Description of the task » The required output is the stretch from the line containing "Greenhouse Gardening- Grow" through the line containing "Adaptive Size Mosaic" in the records below, unaltered and with no pictures.

Materials provided »

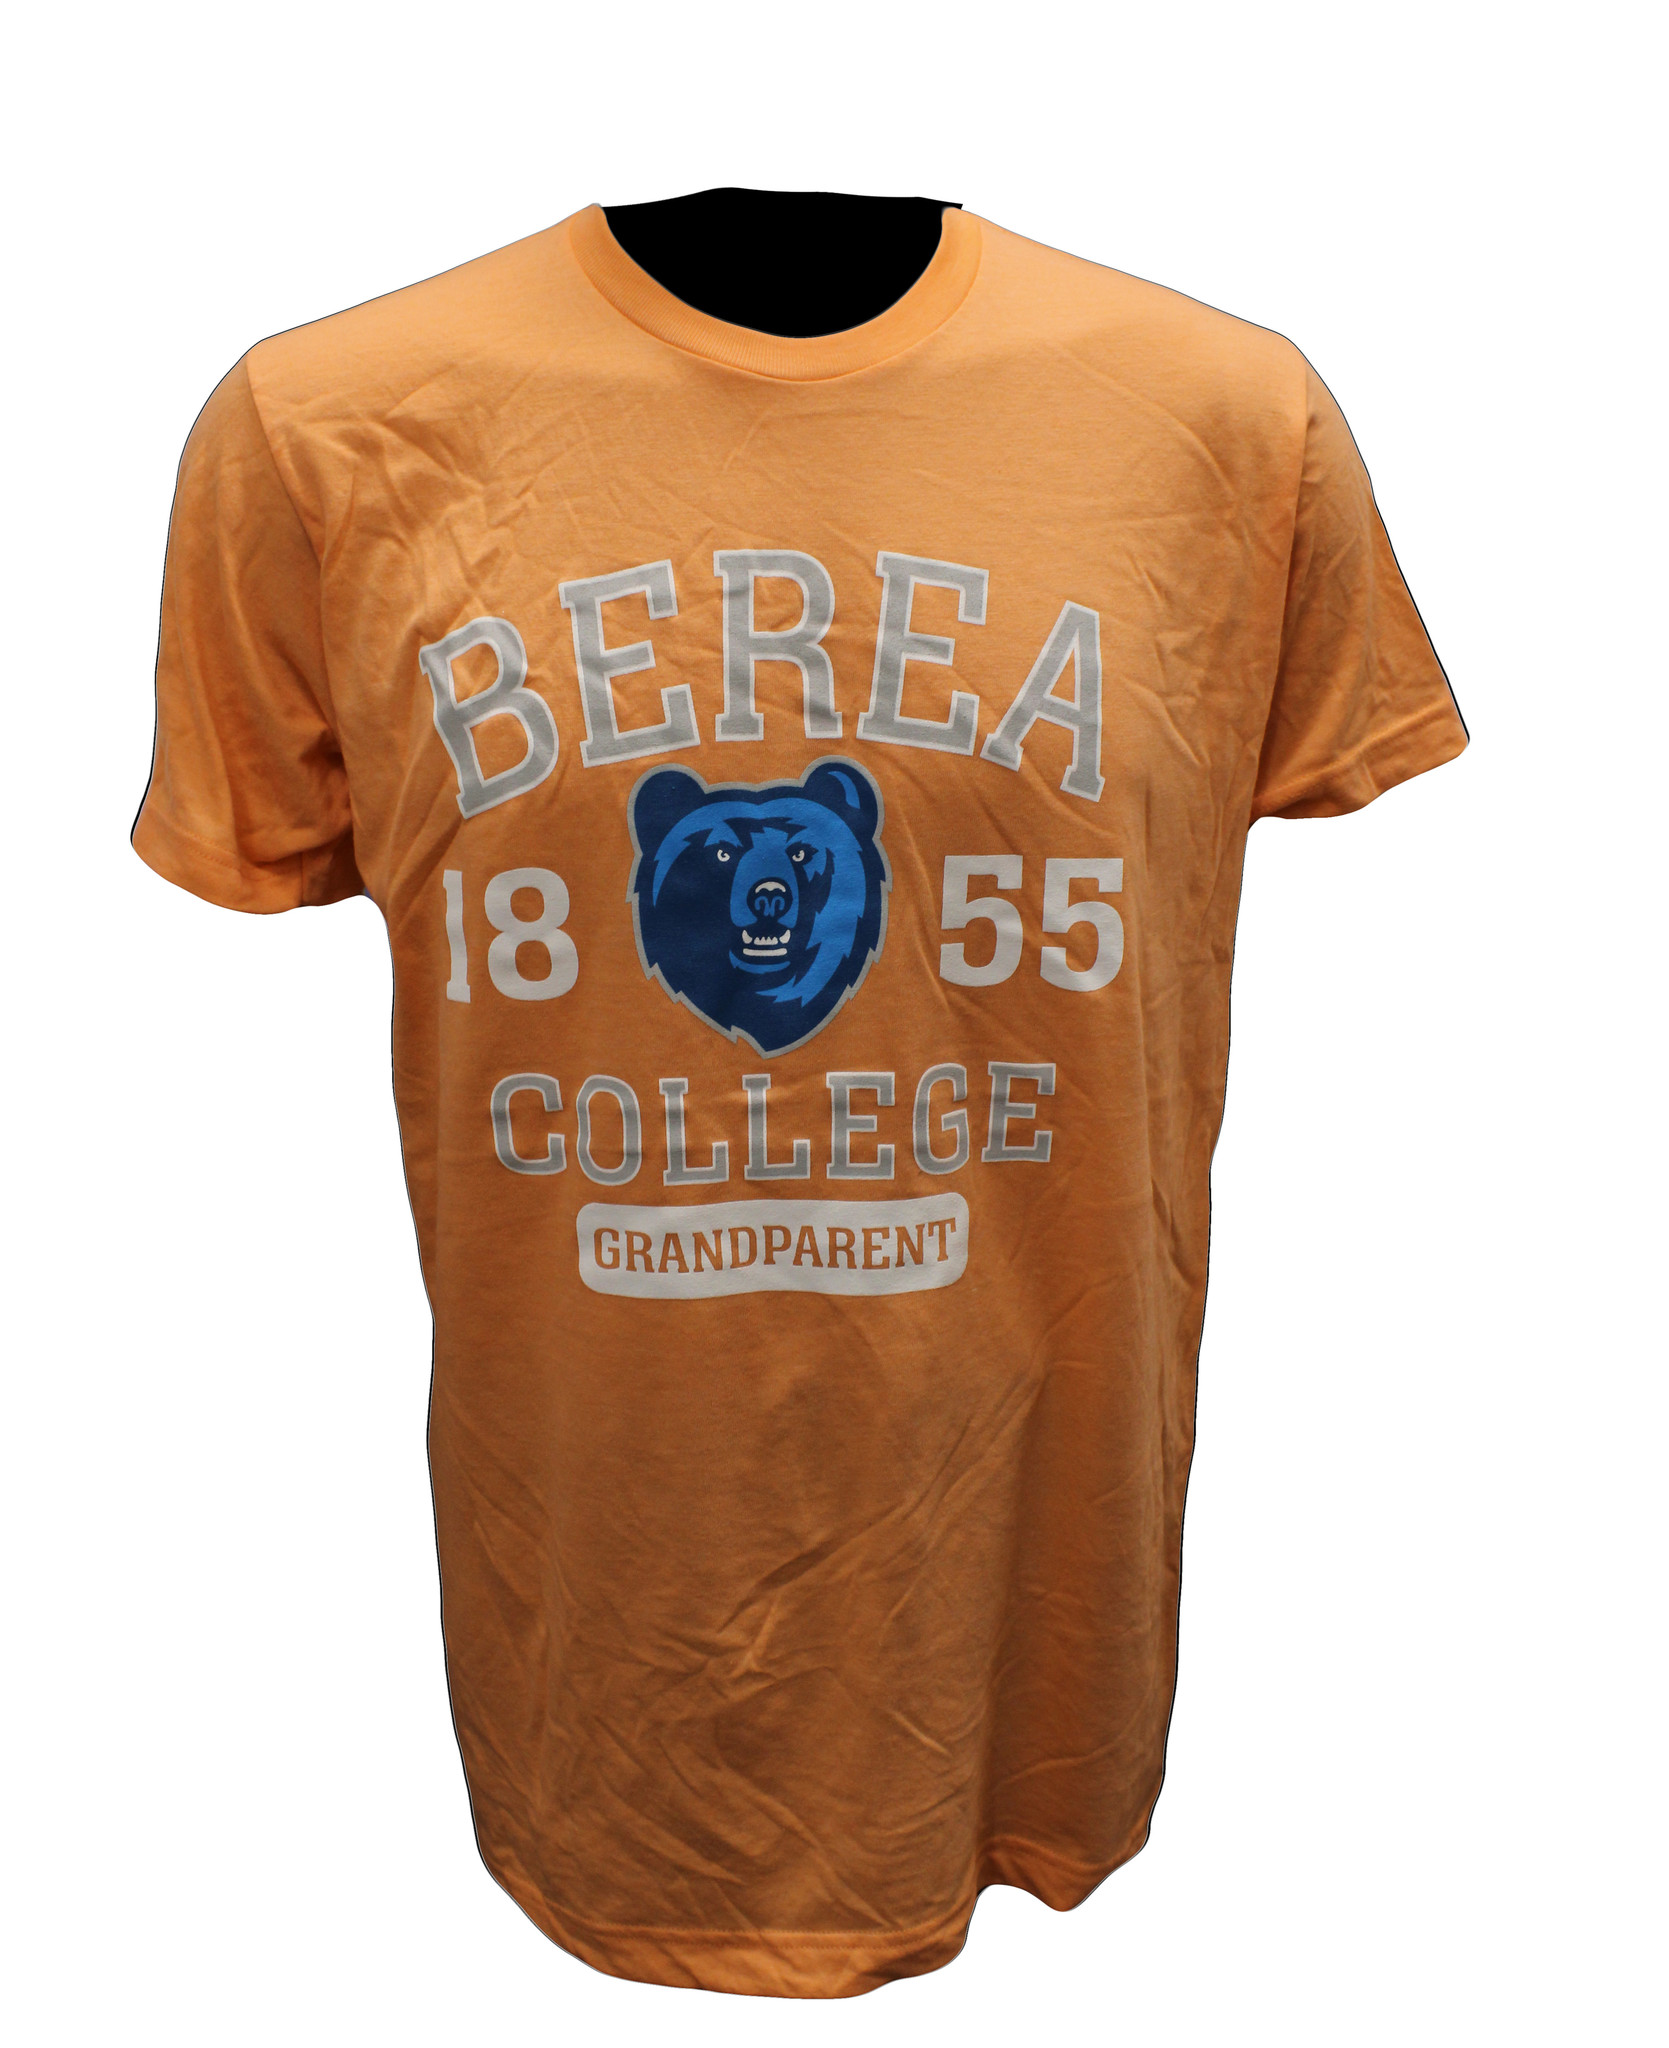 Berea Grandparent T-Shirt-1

--

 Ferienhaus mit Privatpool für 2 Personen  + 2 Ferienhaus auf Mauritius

* * *

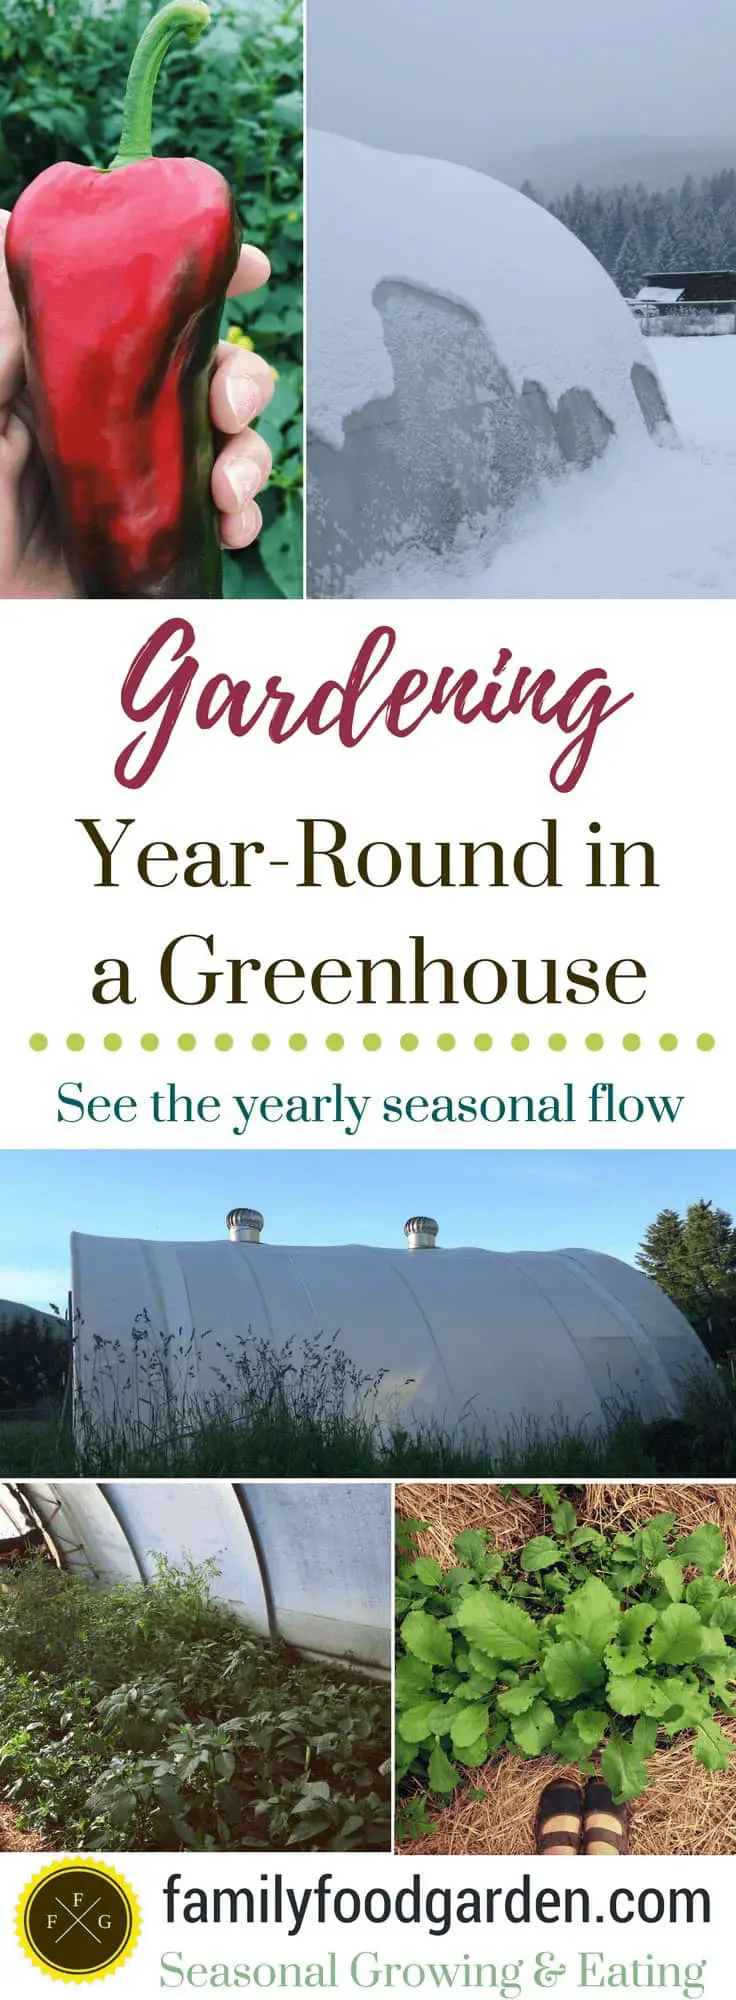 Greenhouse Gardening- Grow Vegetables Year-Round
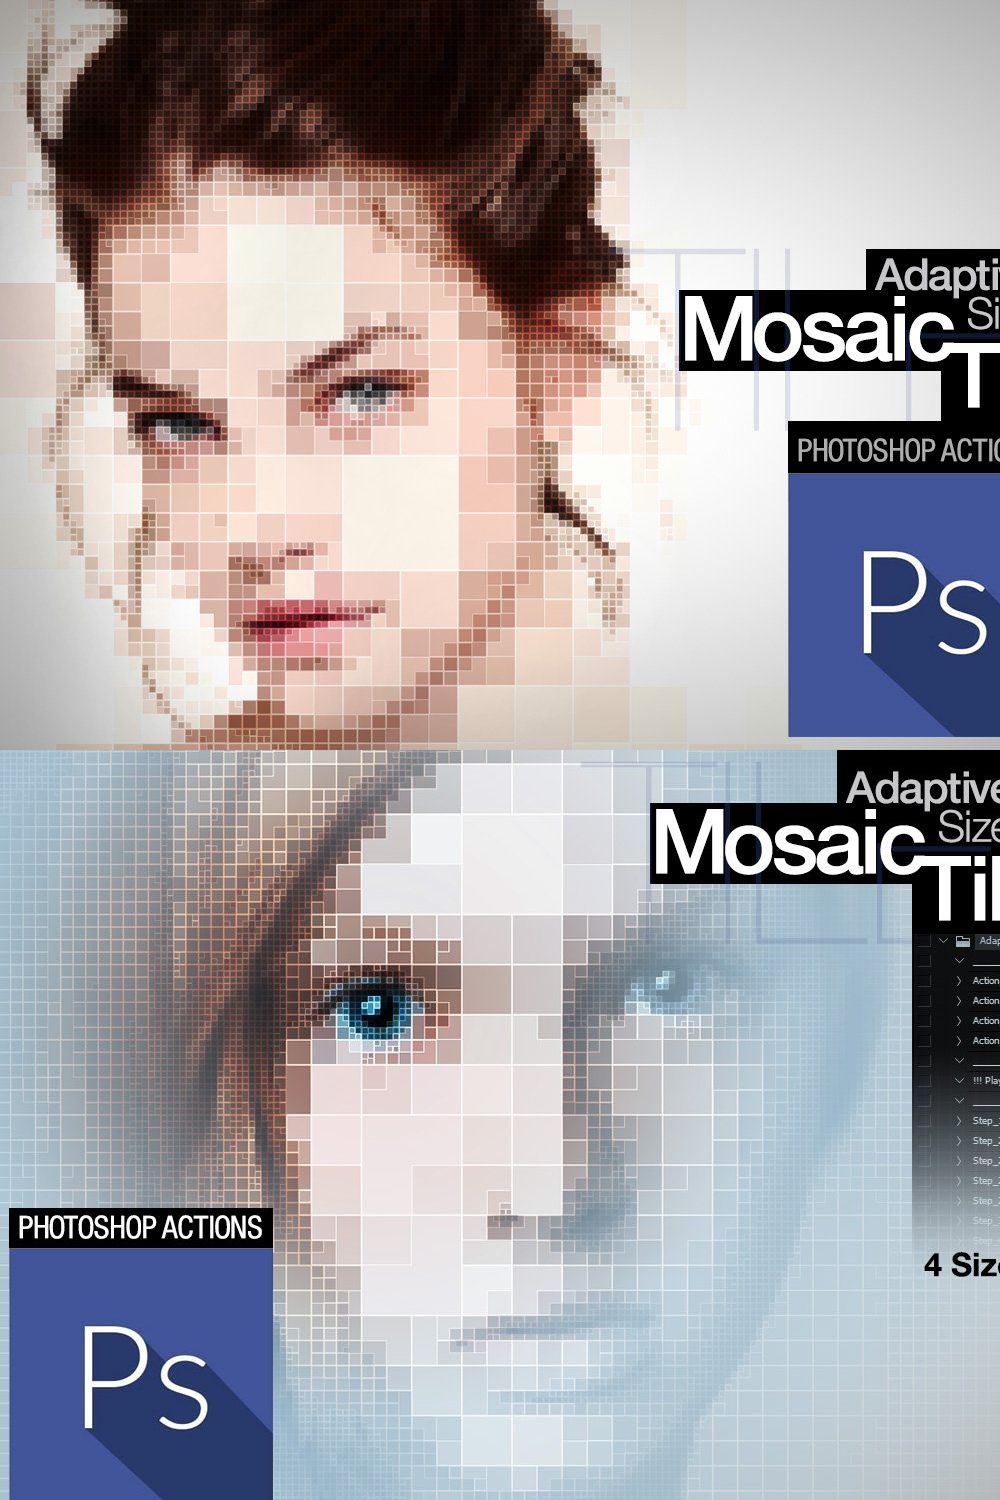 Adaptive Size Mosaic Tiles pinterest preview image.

Task solution »
 Greenhouse Gardening- Grow Vegetables Year-Round
 Adaptive Size Mosaic Tiles pinterest preview image.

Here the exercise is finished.